WHAT TO WORK ON>
Pull out each line of the data that includes the word "Jack".

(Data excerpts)
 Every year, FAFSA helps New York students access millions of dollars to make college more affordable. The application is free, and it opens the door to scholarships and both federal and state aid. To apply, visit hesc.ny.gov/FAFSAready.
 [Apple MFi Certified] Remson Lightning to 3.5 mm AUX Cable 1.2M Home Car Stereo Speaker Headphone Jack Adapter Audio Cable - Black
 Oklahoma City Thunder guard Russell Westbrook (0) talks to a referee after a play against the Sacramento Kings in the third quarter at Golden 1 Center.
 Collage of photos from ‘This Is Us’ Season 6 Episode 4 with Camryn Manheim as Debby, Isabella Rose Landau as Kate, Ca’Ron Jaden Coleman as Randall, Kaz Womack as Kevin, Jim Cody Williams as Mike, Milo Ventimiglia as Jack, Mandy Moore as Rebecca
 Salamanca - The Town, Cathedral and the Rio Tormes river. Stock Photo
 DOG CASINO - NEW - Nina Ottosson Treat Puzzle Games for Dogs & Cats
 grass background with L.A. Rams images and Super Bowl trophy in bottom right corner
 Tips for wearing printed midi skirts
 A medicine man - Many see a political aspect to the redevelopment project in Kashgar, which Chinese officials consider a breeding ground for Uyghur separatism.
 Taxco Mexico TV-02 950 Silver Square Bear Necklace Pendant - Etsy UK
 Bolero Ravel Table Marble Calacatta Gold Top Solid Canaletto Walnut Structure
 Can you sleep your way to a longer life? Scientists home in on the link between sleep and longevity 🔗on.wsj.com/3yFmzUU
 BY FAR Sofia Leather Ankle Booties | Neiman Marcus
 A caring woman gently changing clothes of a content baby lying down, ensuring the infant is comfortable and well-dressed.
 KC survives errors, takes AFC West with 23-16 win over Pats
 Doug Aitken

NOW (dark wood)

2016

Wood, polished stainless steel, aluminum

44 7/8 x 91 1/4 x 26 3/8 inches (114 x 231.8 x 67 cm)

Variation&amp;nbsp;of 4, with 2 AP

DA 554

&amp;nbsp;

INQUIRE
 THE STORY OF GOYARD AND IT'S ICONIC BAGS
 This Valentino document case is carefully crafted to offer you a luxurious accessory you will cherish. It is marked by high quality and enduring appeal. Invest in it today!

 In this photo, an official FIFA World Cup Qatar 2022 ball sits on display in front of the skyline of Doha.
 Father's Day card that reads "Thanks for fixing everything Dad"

THE COMPLETED TASK>
 [Apple MFi Certified] Remson Lightning to 3.5 mm AUX Cable 1.2M Home Car Stereo Speaker Headphone Jack Adapter Audio Cable - Black
 Collage of photos from ‘This Is Us’ Season 6 Episode 4 with Camryn Manheim as Debby, Isabella Rose Landau as Kate, Ca’Ron Jaden Coleman as Randall, Kaz Womack as Kevin, Jim Cody Williams as Mike, Milo Ventimiglia as Jack, Mandy Moore as Rebecca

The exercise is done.